La montée en puissance des systèmes d’IA pose aussi la question de leur intégration dans la stratégie de santé publique. Pour David Gruson, fondateur d’Ethik-IA, « l’officine pourrait devenir un centre de coordination des soins, avec des outils d’IA régulés au niveau territorial ». Une évolution qui s’inscrit dans un contexte de désertification médicale et de vieillissement de la population, où le pharmacien joue un rôle clé dans le suivi des maladies chroniques et le maintien à domicile.

Dans les départements d’outre-mer, où les distances et le manque de spécialistes compliquent l’accès aux soins, l’IA pourrait pallier certaines insuffisances. « D’ici dix ans, la Guadeloupe et la Martinique seront les départements les plus âgés de France. L’IA nous aidera à organiser le suivi des patients isolés, mais encore faut-il que nous nous l’appropriions », souligne Lionel Combé, président de la délégation Guadeloupe de l’Ordre des pharmaciens.

Robotisation, reconnaissance vocale : quelles perspectives ?
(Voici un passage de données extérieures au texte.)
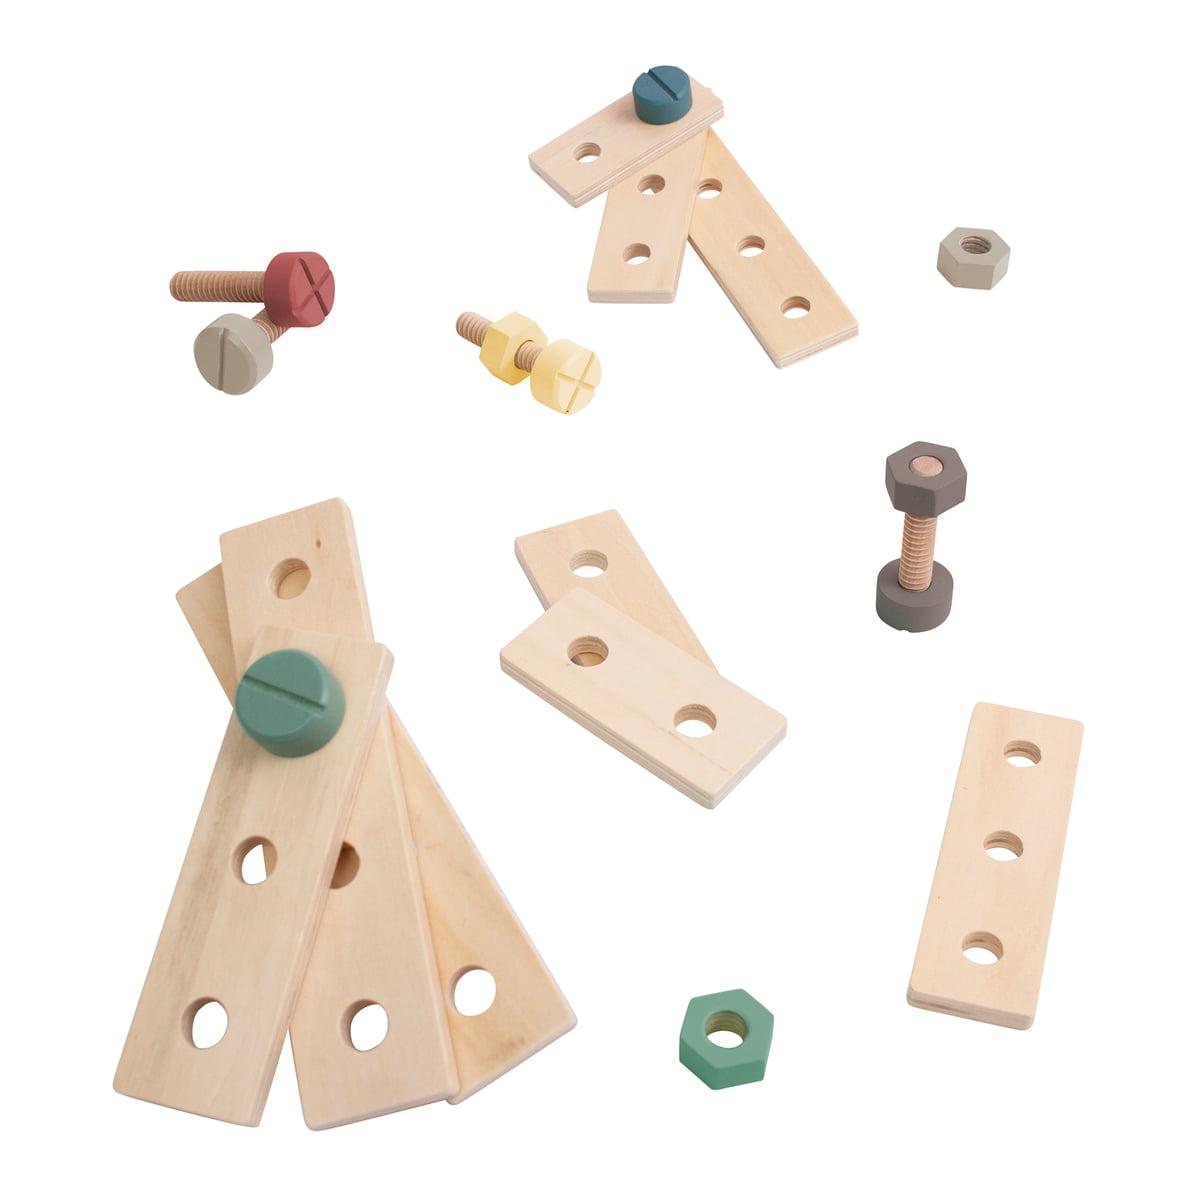 Sebra-Bau-Spielset-aus-Holz-warmes-grau-Freisteller

Au-delà du conseil pharmaceutique, l’IA s’impose aussi dans la gestion officinale. Les robots d’aide à la dispensation, déjà présents dans certaines pharmacies, pourraient bientôt intégrer des algorithmes d’IA pour anticiper les besoins en réassort et optimiser la gestion des stocks en temps réel.

Autre révolution en vue : la reconnaissance vocale, qui pourrait simplifier la rédaction des comptes rendus d’échange avec les patients. En facilitant la traçabilité des entretiens pharmaceutiques et des bilans partagés de médication, ces technologies contribueraient à structurer davantage l’exercice officinal.

Une révolution inévitable, mais encadrée

L’IA s’impose progressivement comme un outil incontournable du quotidien des pharmaciens. Mais son utilisation doit être encadrée et accompagnée d’une formation adaptée. « Le jour viendra où la responsabilité du pharmacien sera engagée parce qu’il n’aura pas utilisé un outil d’IA qui aurait pu détecter une interaction médicamenteuse », anticipe Claude Marodon, président de la délégation Réunion-Mayotte de l’Ordre des pharmaciens.

Loin de remplacer le professionnel, l’IA est donc comme un levier d’optimisation. « Les patients utiliseront d’eux-mêmes ces technologies et viendront nous demander des explications. À nous d’en garder la maîtrise pour éviter qu’elles ne nous échappent » conclut Claude Marodon.